Contracts are a part of life for every commercial enterprise, forming the basis for mergers, employment and acquisitions. Virtually everything comes back to a contract in some way, but contracts have a deserved reputation for complexity.
There is no getting around the baked-in intricacy of contracts, but you can save yourself many headaches by closely looking at such items as:
The word “notwithstanding”
The word in and of itself is a signal of exceptions to the rule just laid out. If the contract has exceptions, you should review all aspects of the document to ensure that you are not one of them. If you find yourself listed as an exception to the basic terms, this may be the moment to re-open negotiation.
Terms and conditions
Every contract should have a section devoted to defining the terms used throughout the document. It defines the rights of the parties. If your contract is missing terms and conditions, it cannot act as a contract. If the terms and conditions are unclear or misleading, it can vastly affect your business.
Your obligations in a contract might force you to take on costs you might have otherwise avoided. A financial obligations clause may make it more expensive if costs of material change or even if there is a breach of contract. You should ensure that the financial obligations of your contract are in line with what was hashed out in negotiations.
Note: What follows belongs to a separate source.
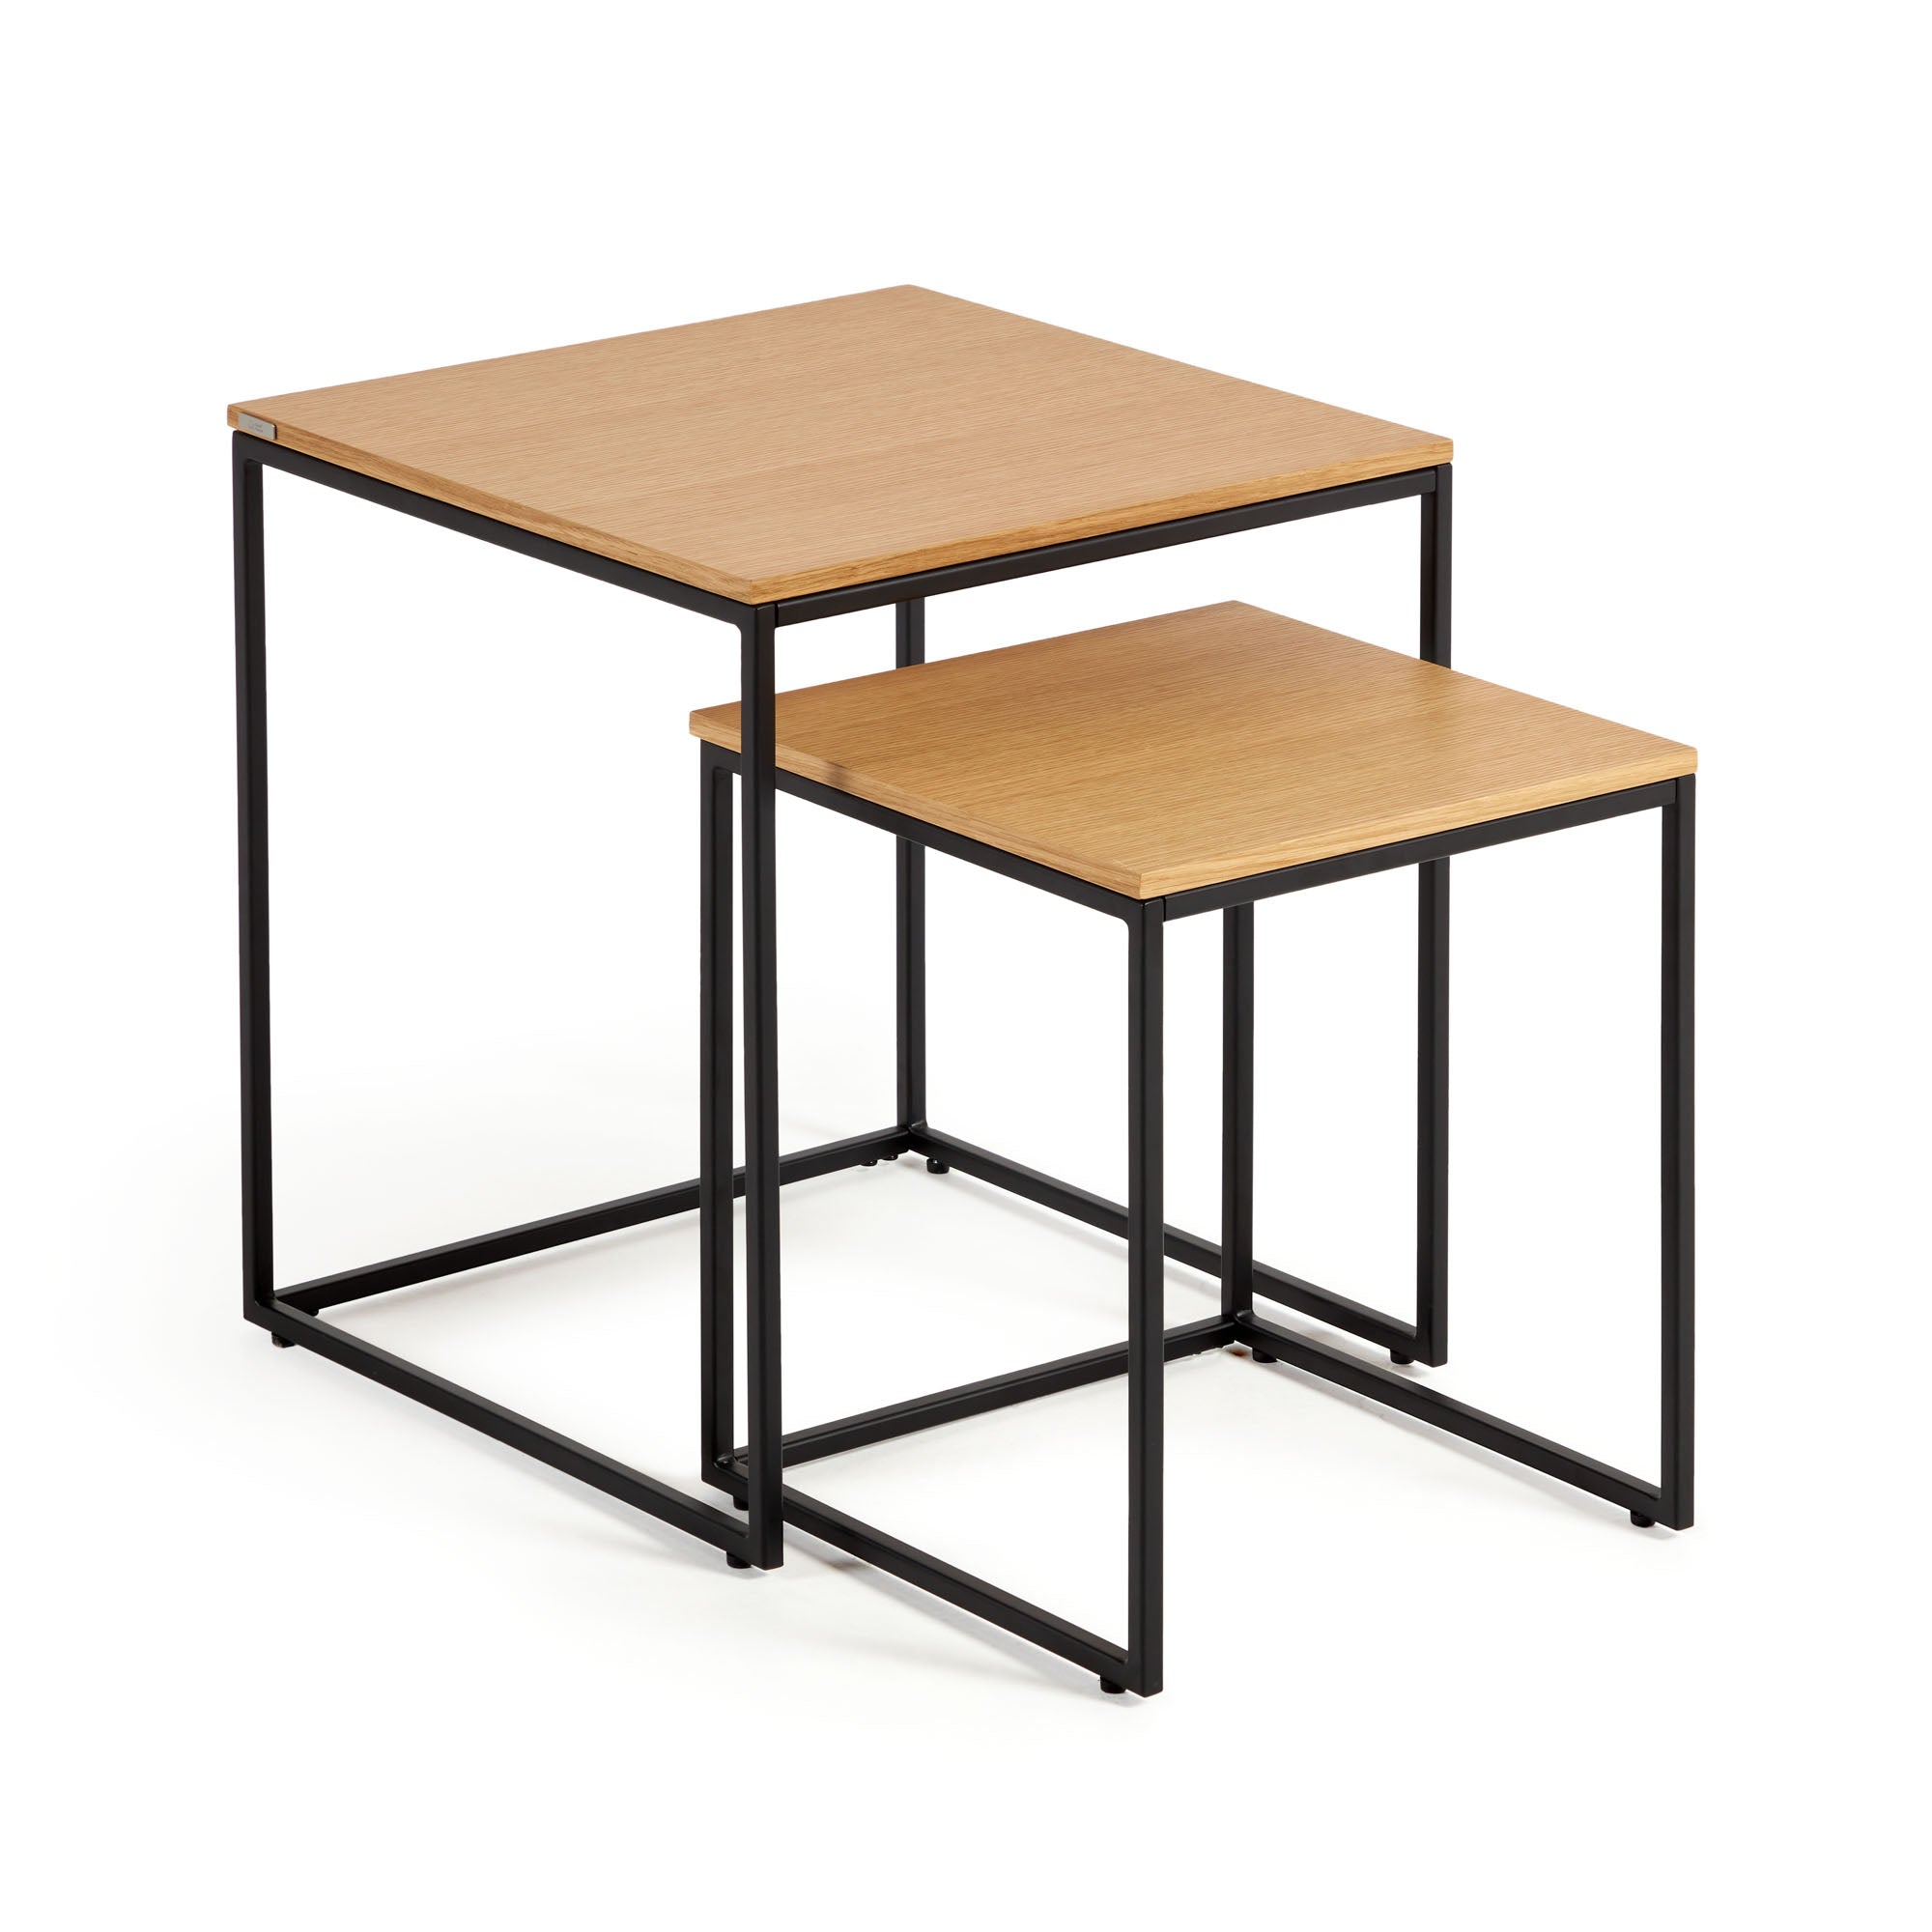 Yoana set of 2 nesting side tables with oak wood veneer and black painted metal structure

Occasionally, things change before signing a contract, which can leave you with some unvetted language or a clause no one discussed. These changes aren’t necessarily bad, but they can include terms that leave you in a challenging position.
Read your contracts. Get a second opinion.
There are many ways that unfavorable terms can get into a contract, but you do not have to sign a contract you don’t like. You have the right to review every word of the document and get a second opinion. To protect yourself, contacting a contract attorney is probably your wisest choice.